┌────────
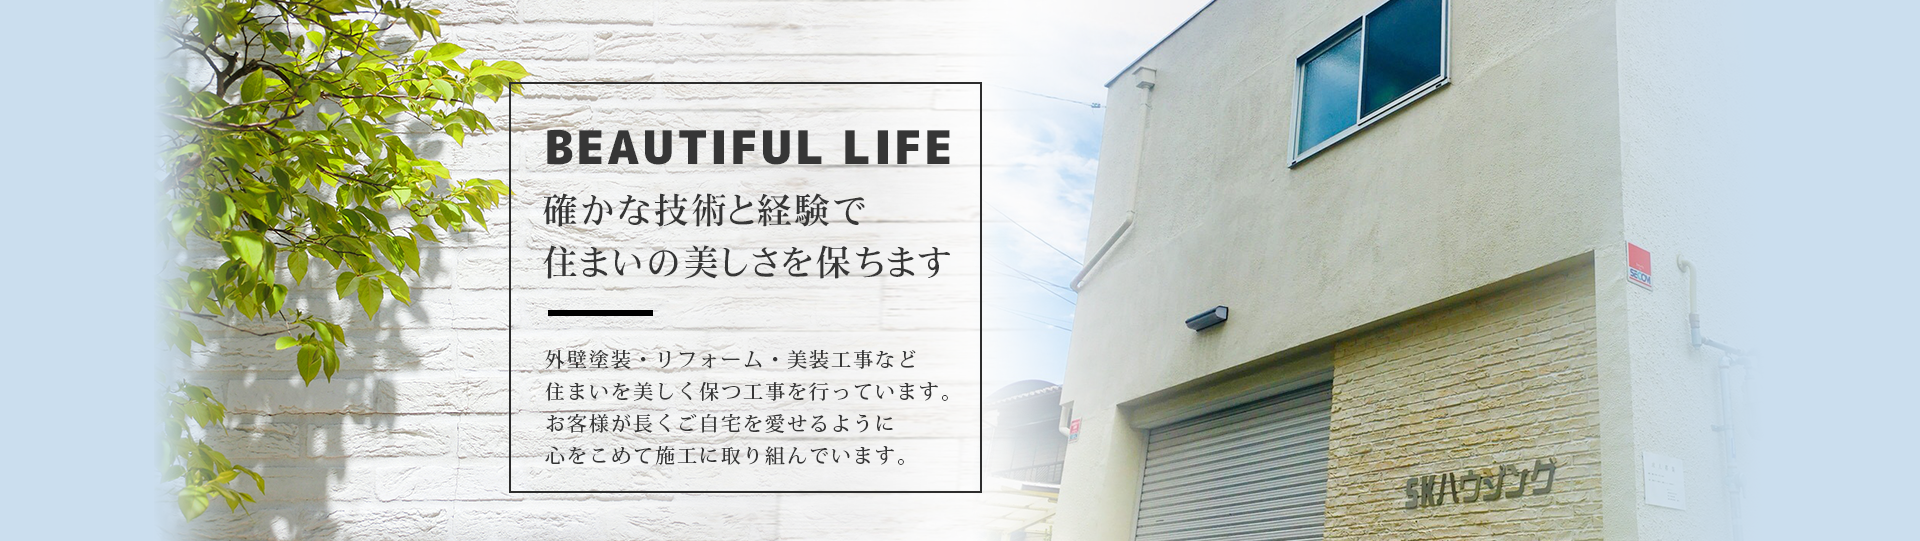 大阪市東住吉区のSKハウジング株式会社は外壁塗装、内装外装リフォーム全般を承っております。
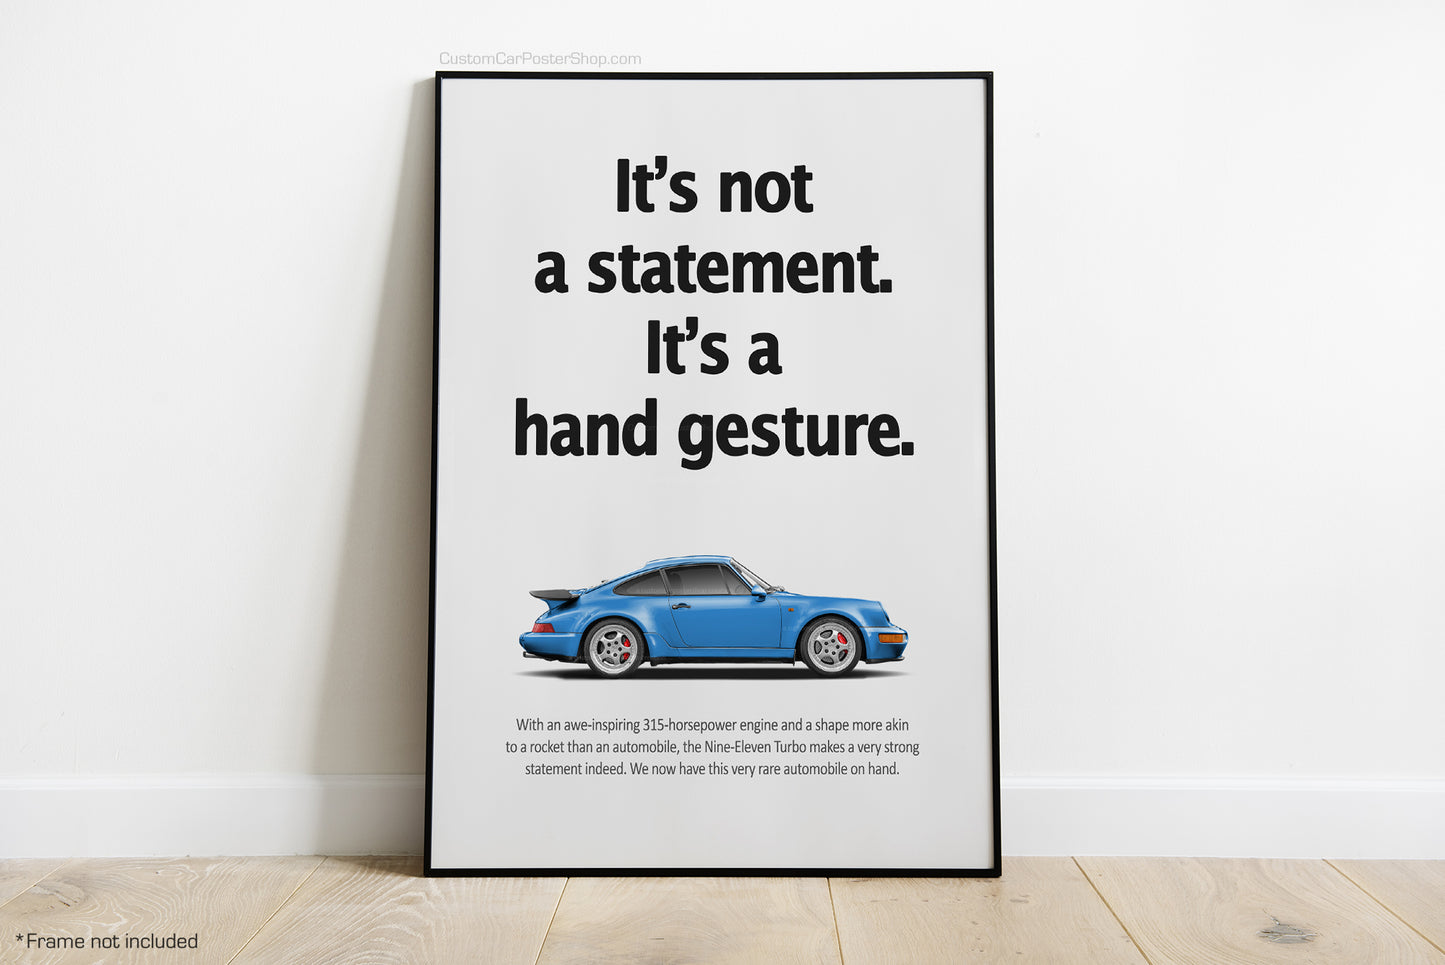 Porsche 964 Turbo Vintage Porsche Ads - Statement vs Hand Gesture
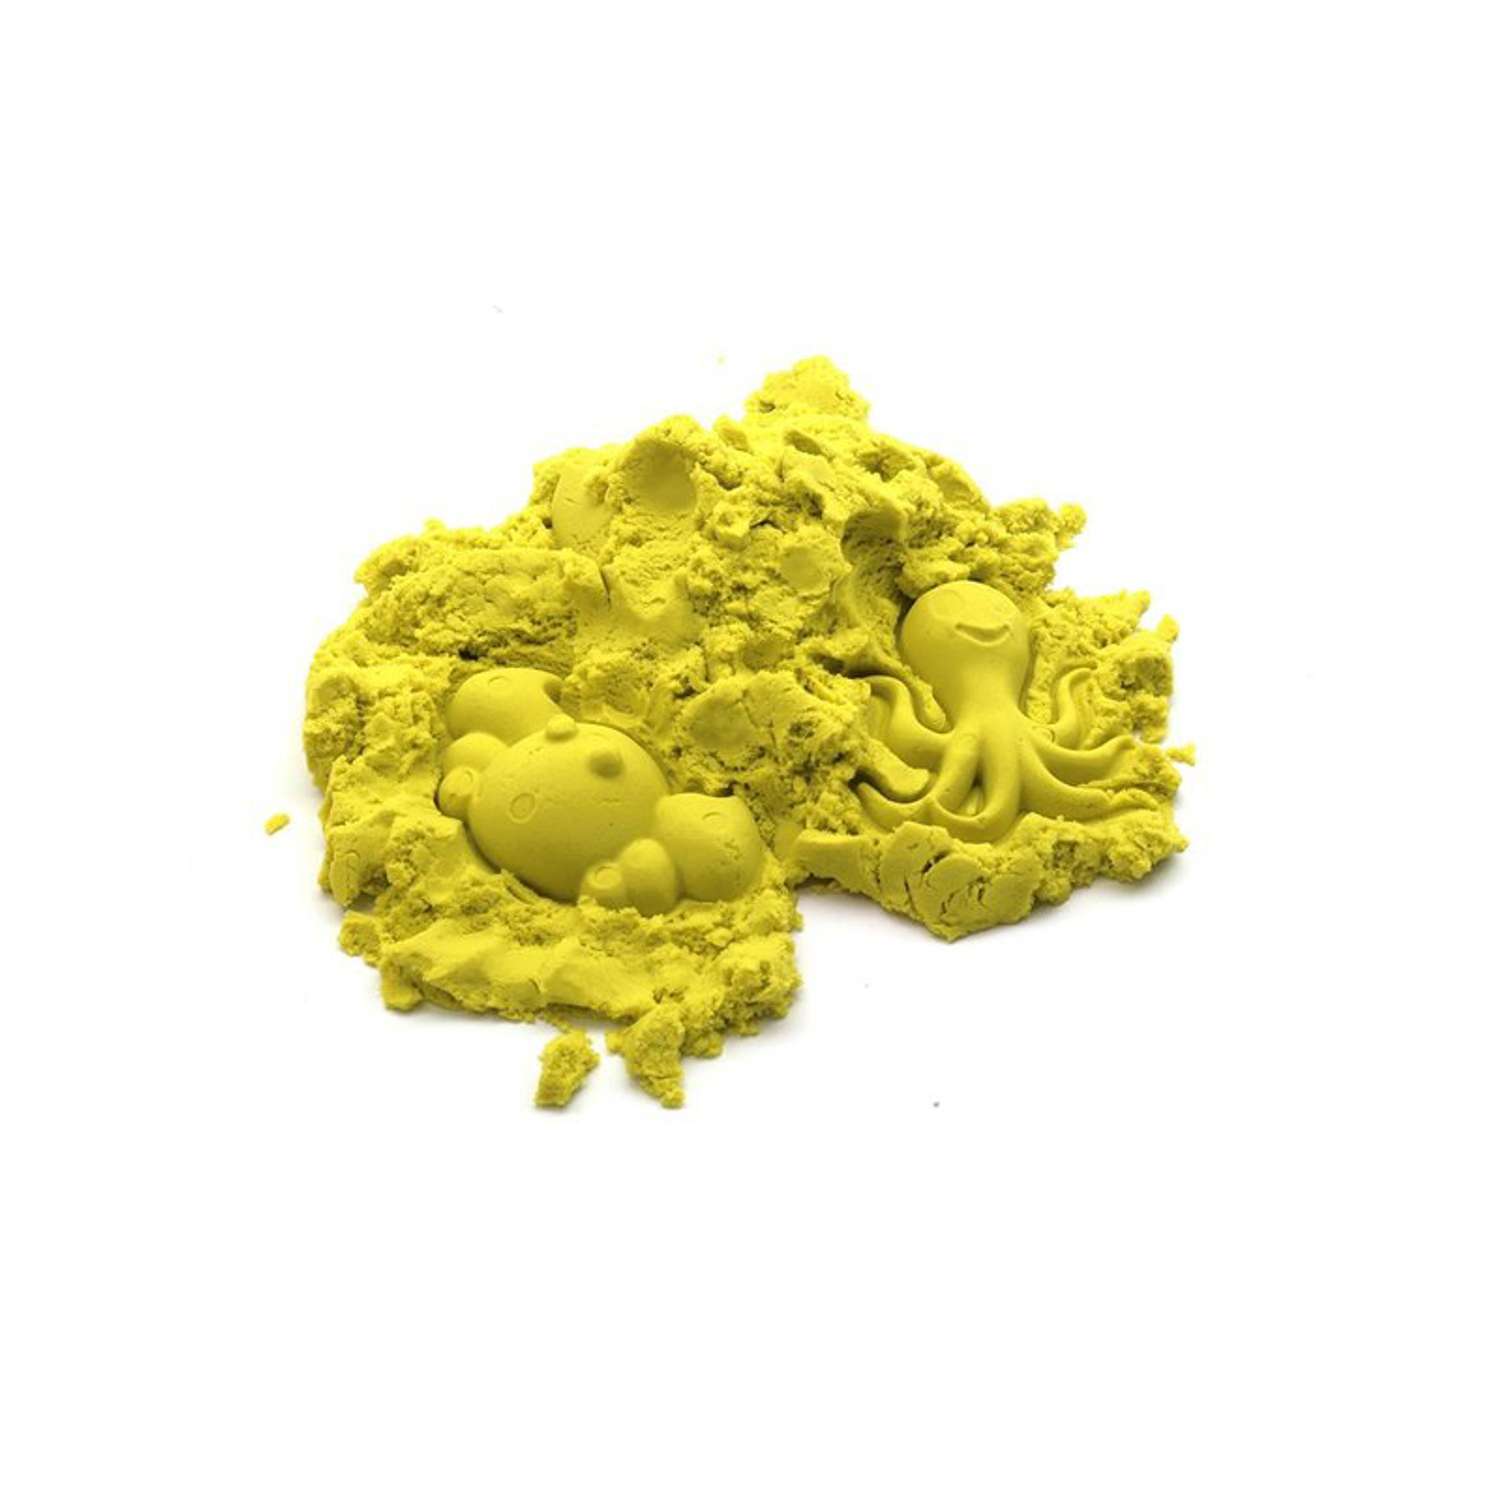 Песочница Космический песок с формочками Желтый 2 кг - фото 2
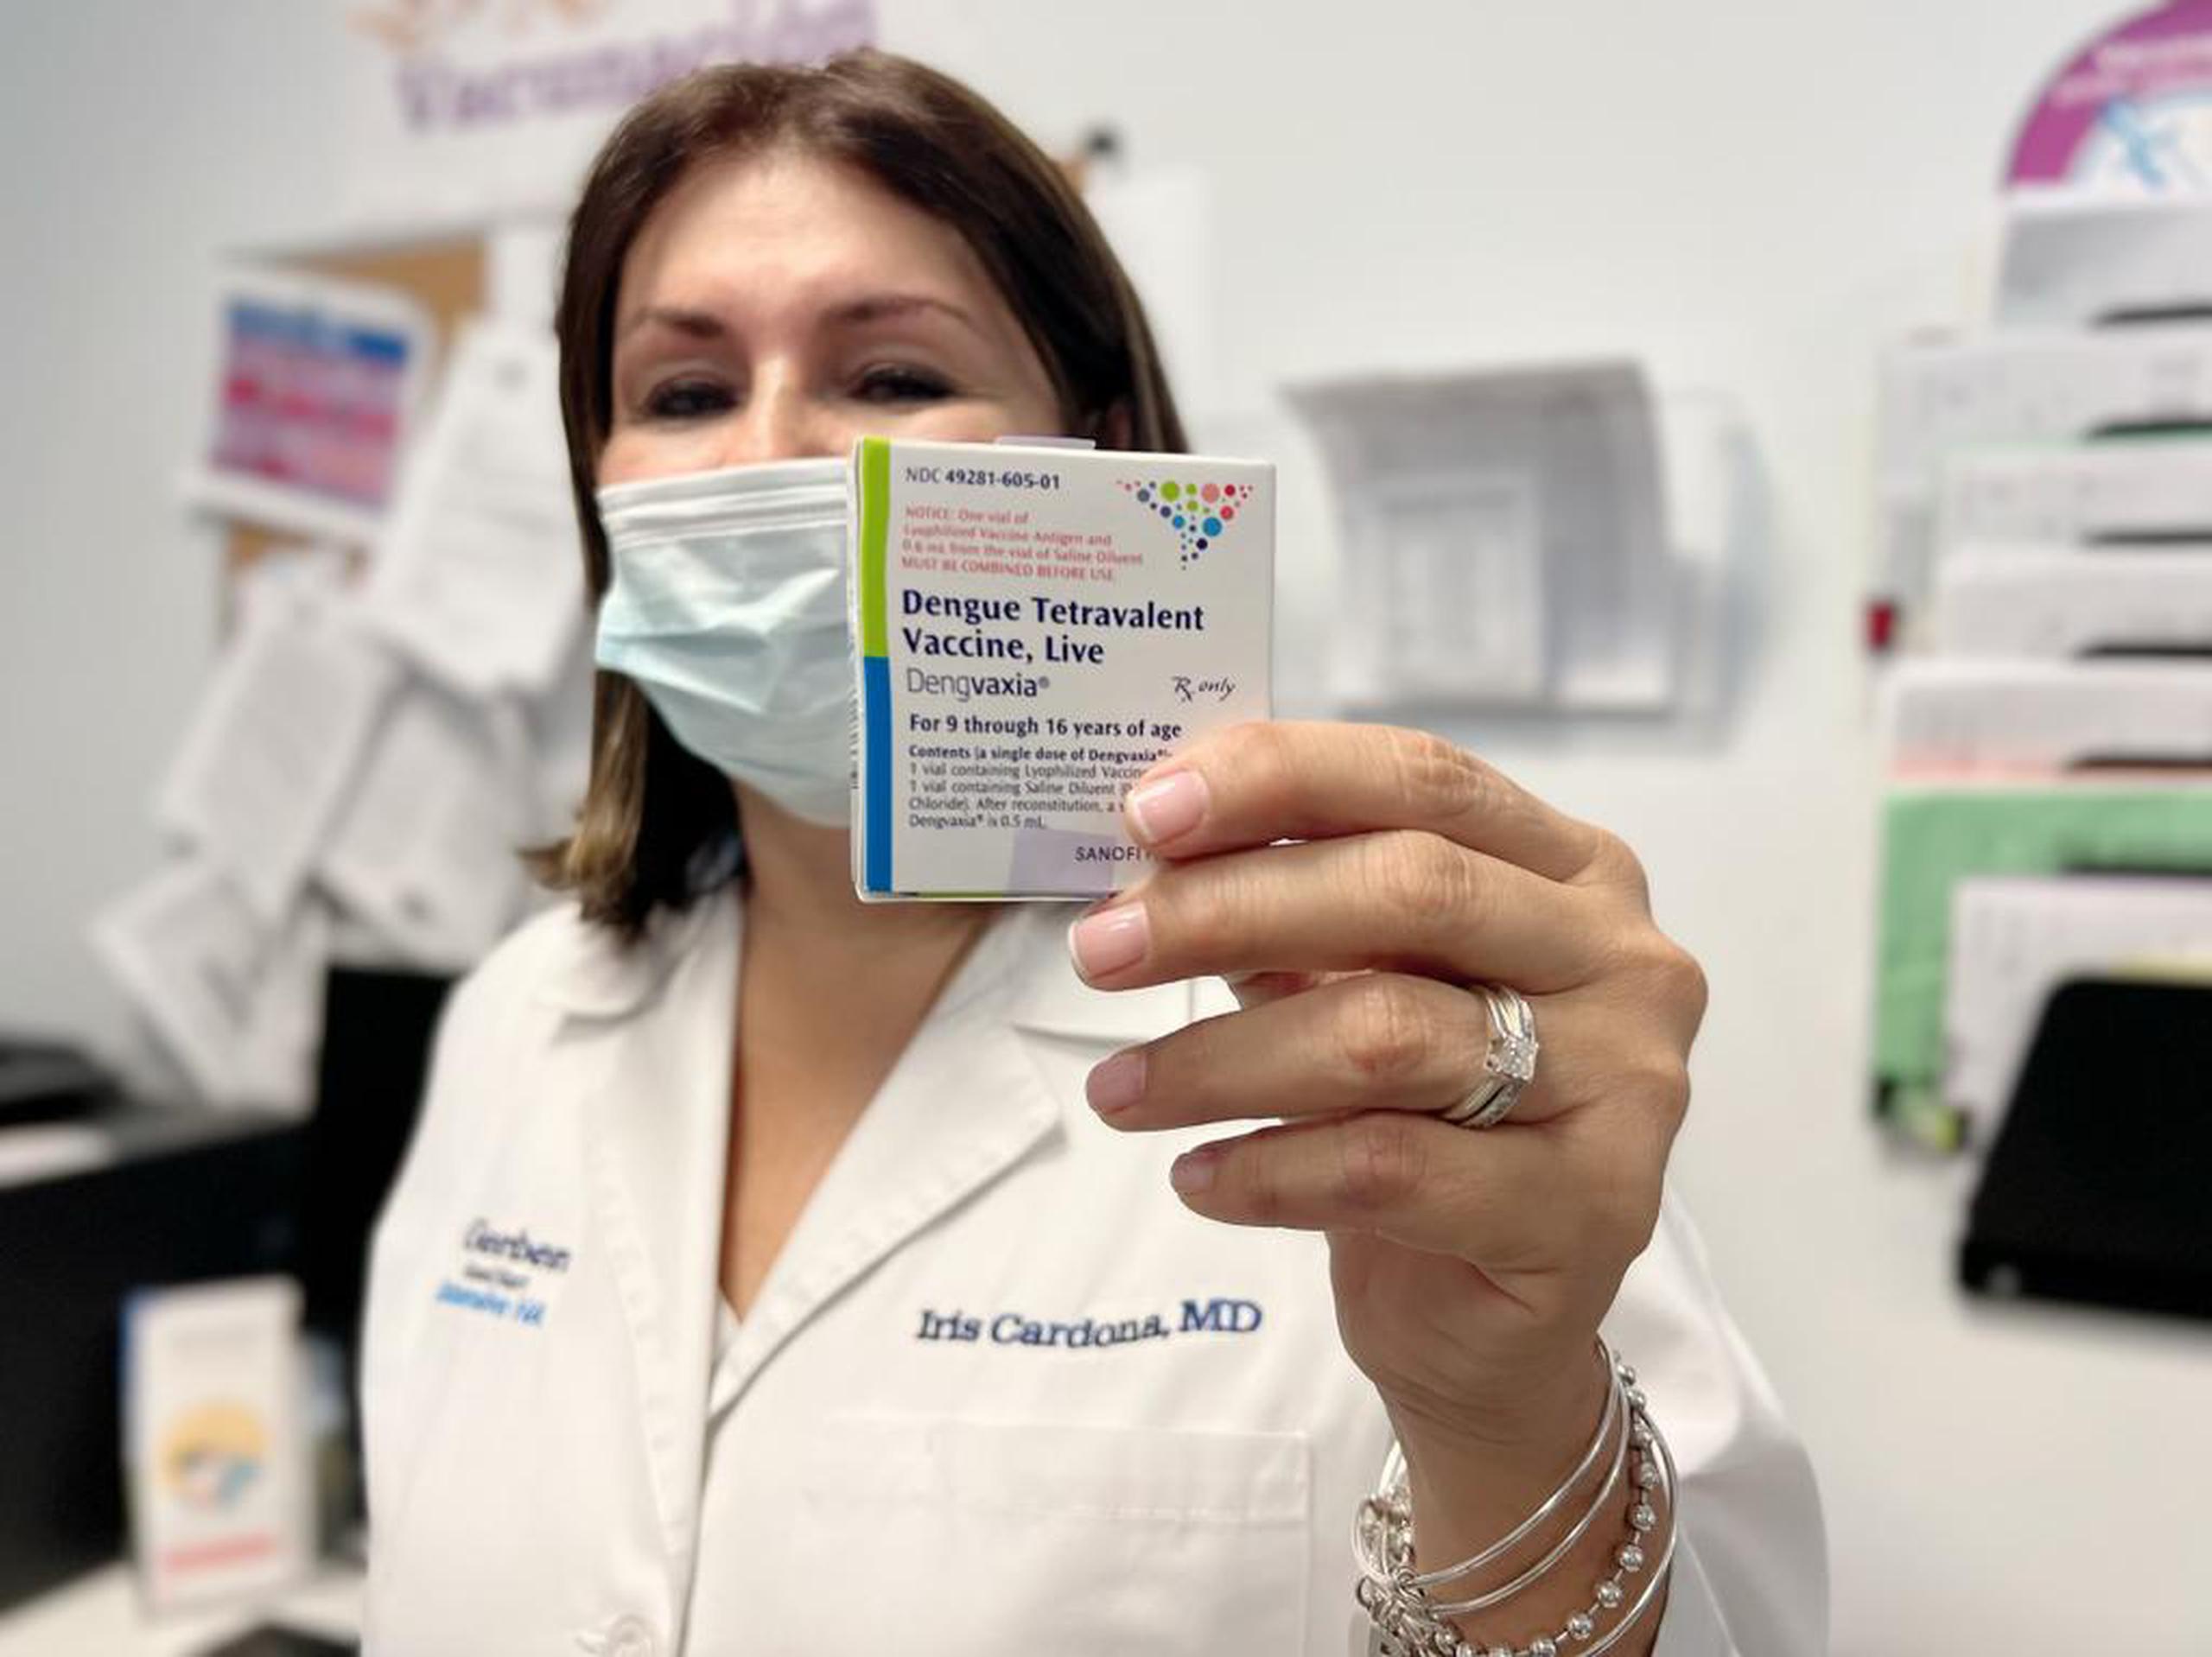 La Dra. Iris Cardona recalcó que la vacuna está exclusivamente aprobada para personas que viven en áreas donde el dengue es endémico, como el caso de Puerto Rico.
└────────
- _TASK DETAILS_
The required answer is the material repeated exactly, with no images in it.

- _ANSWER FOR THE TASK_
 大阪市東住吉区のSKハウジング株式会社は外壁塗装、内装外装リフォーム全般を承っております。
 Porsche 964 Turbo Vintage Porsche Ads - Statement vs Hand Gesture
 Песочница Космический песок с формочками Желтый 2 кг - фото 2
 La Dra. Iris Cardona recalcó que la vacuna está exclusivamente aprobada para personas que viven en áreas donde el dengue es endémico, como el caso de Puerto Rico.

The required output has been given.